Task instructions: Transcribe the entries exactly. Start at the top, stop after the line with "etsy.com/listing/156595…", and omit every picture.

Records for processing:
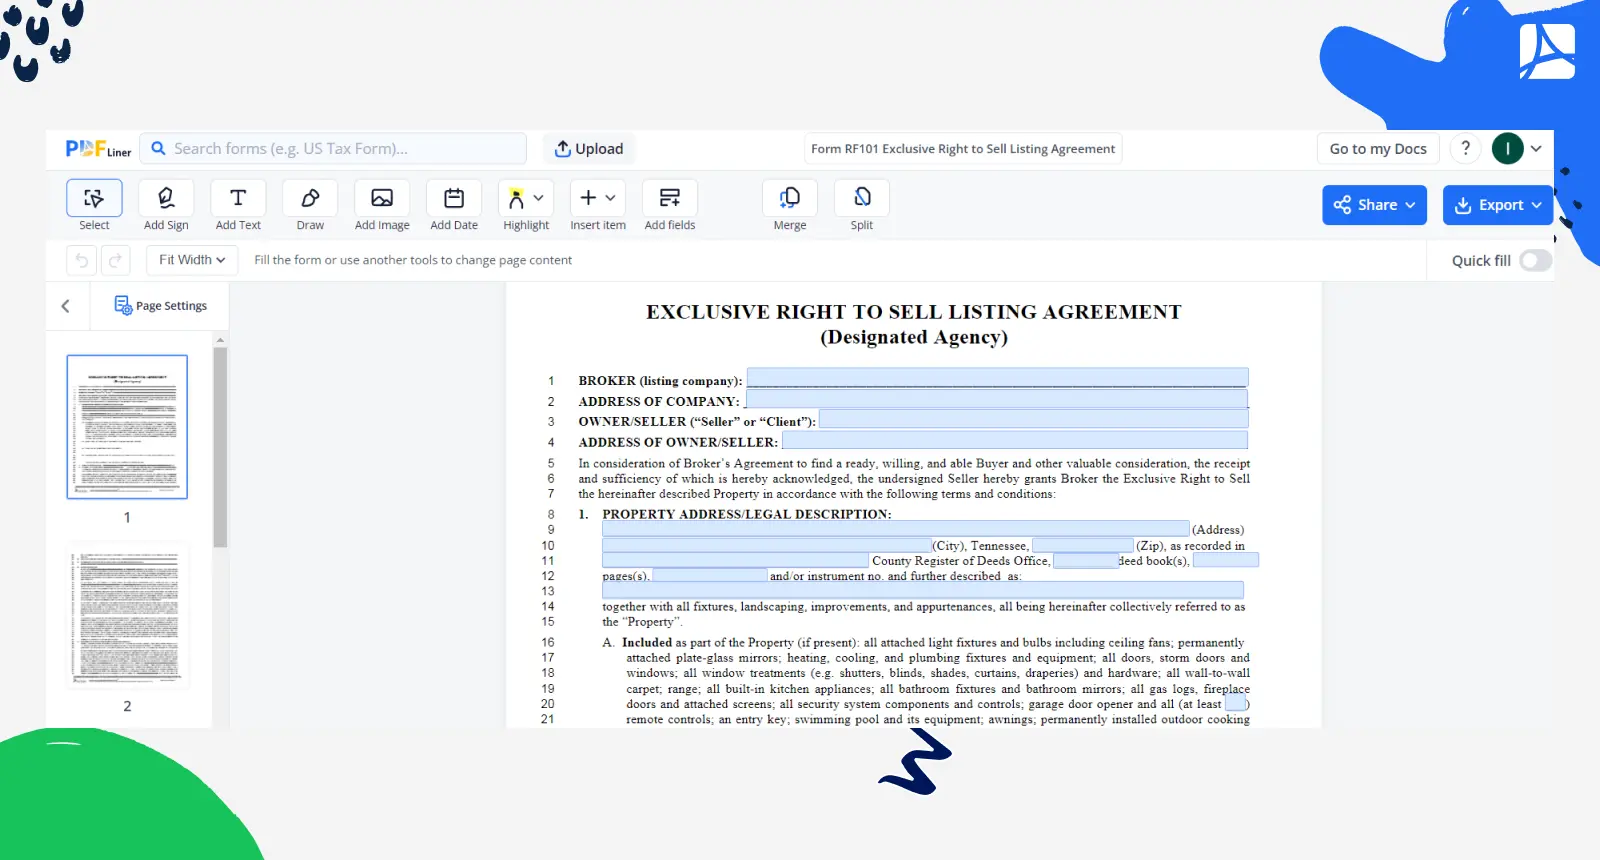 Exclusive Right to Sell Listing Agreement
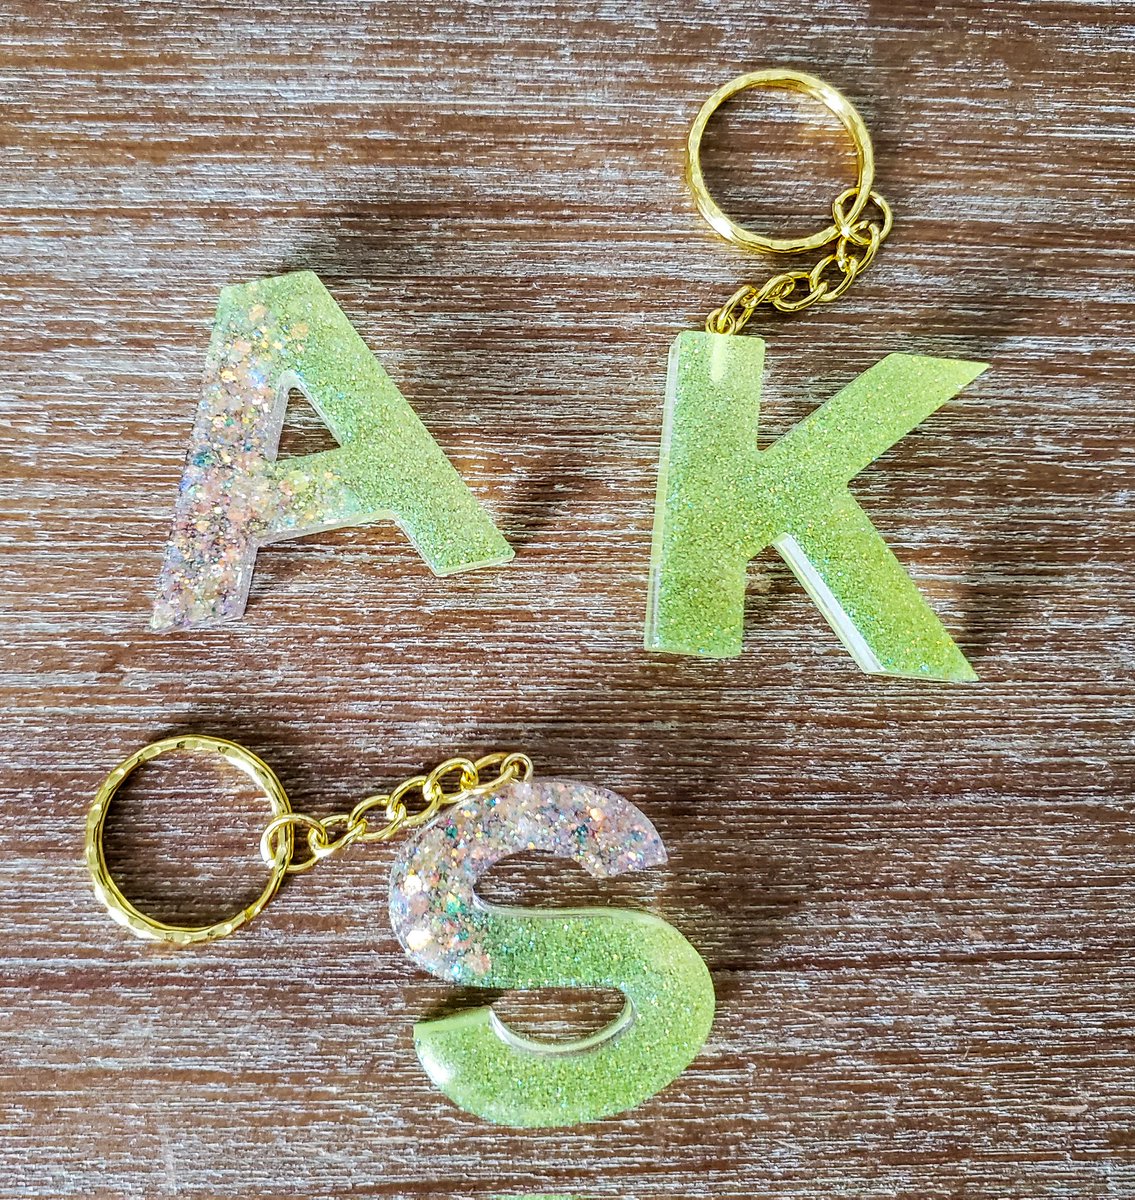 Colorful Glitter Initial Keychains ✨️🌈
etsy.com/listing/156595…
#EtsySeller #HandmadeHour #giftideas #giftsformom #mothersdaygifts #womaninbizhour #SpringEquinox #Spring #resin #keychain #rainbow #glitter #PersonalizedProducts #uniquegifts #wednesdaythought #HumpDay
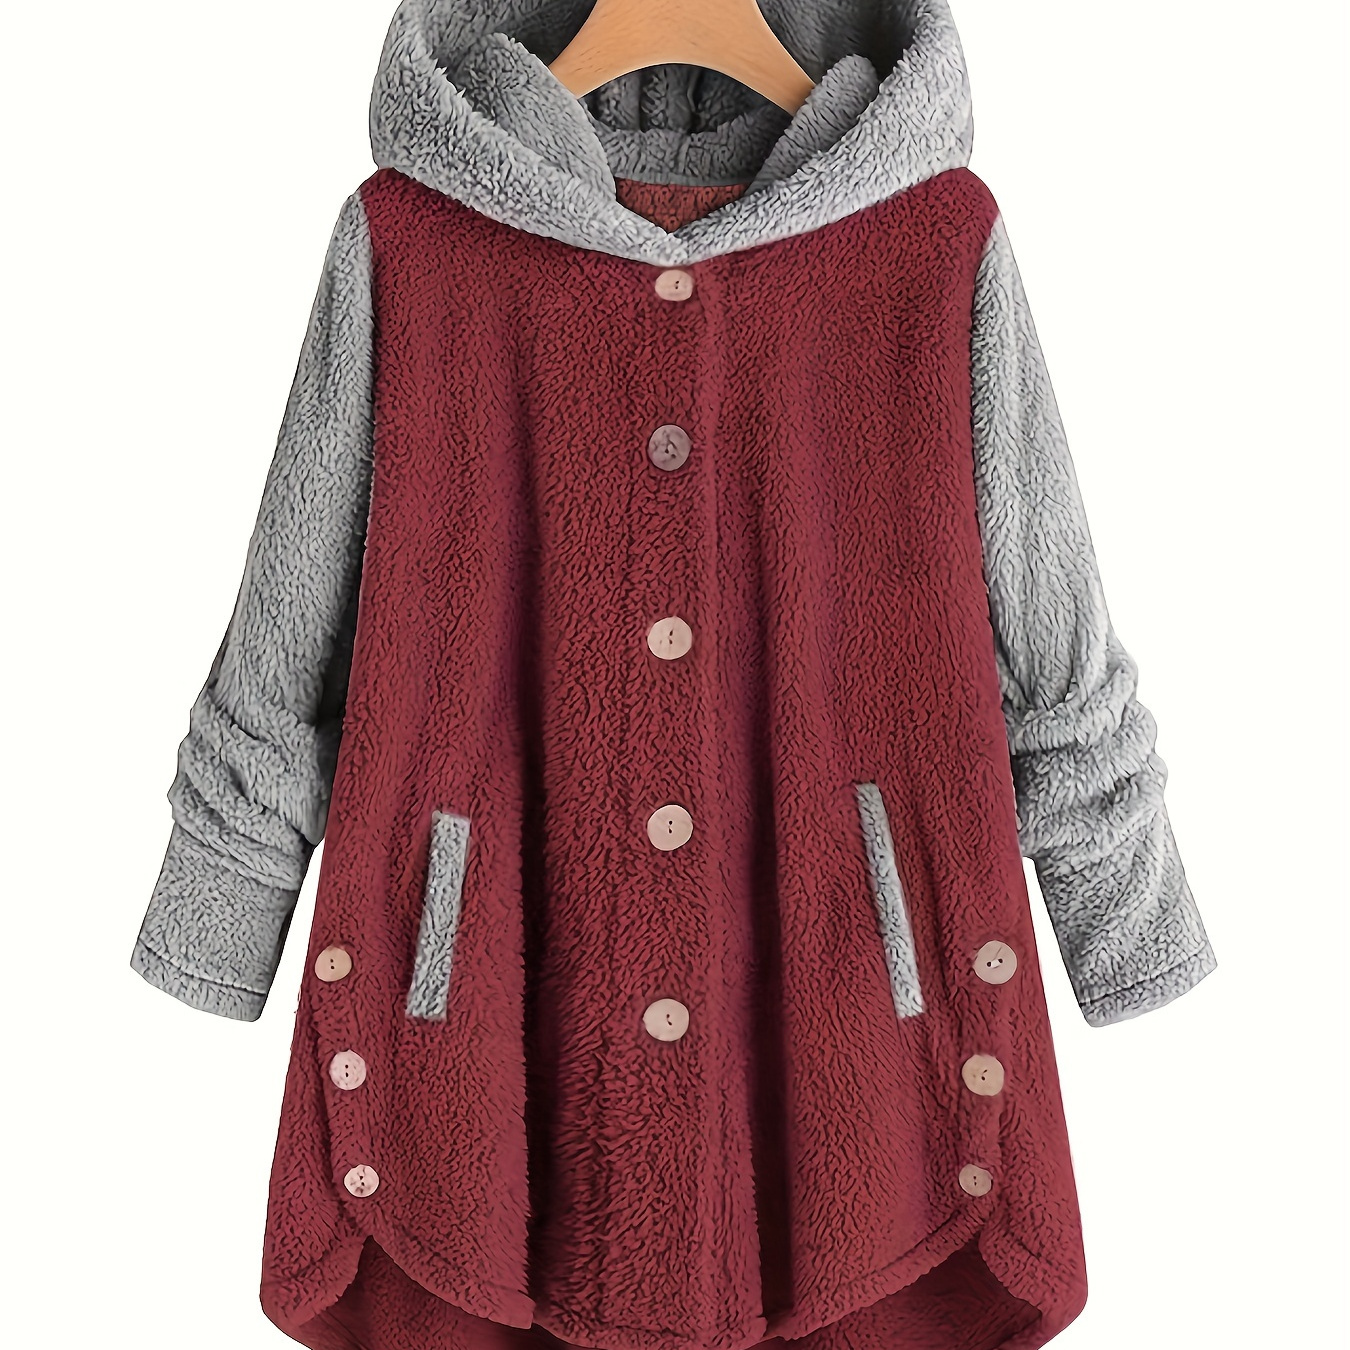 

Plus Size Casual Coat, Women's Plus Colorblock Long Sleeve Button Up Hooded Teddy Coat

Task answer:
 Exclusive Right to Sell Listing Agreement
 Colorful Glitter Initial Keychains ✨️🌈
etsy.com/listing/156595…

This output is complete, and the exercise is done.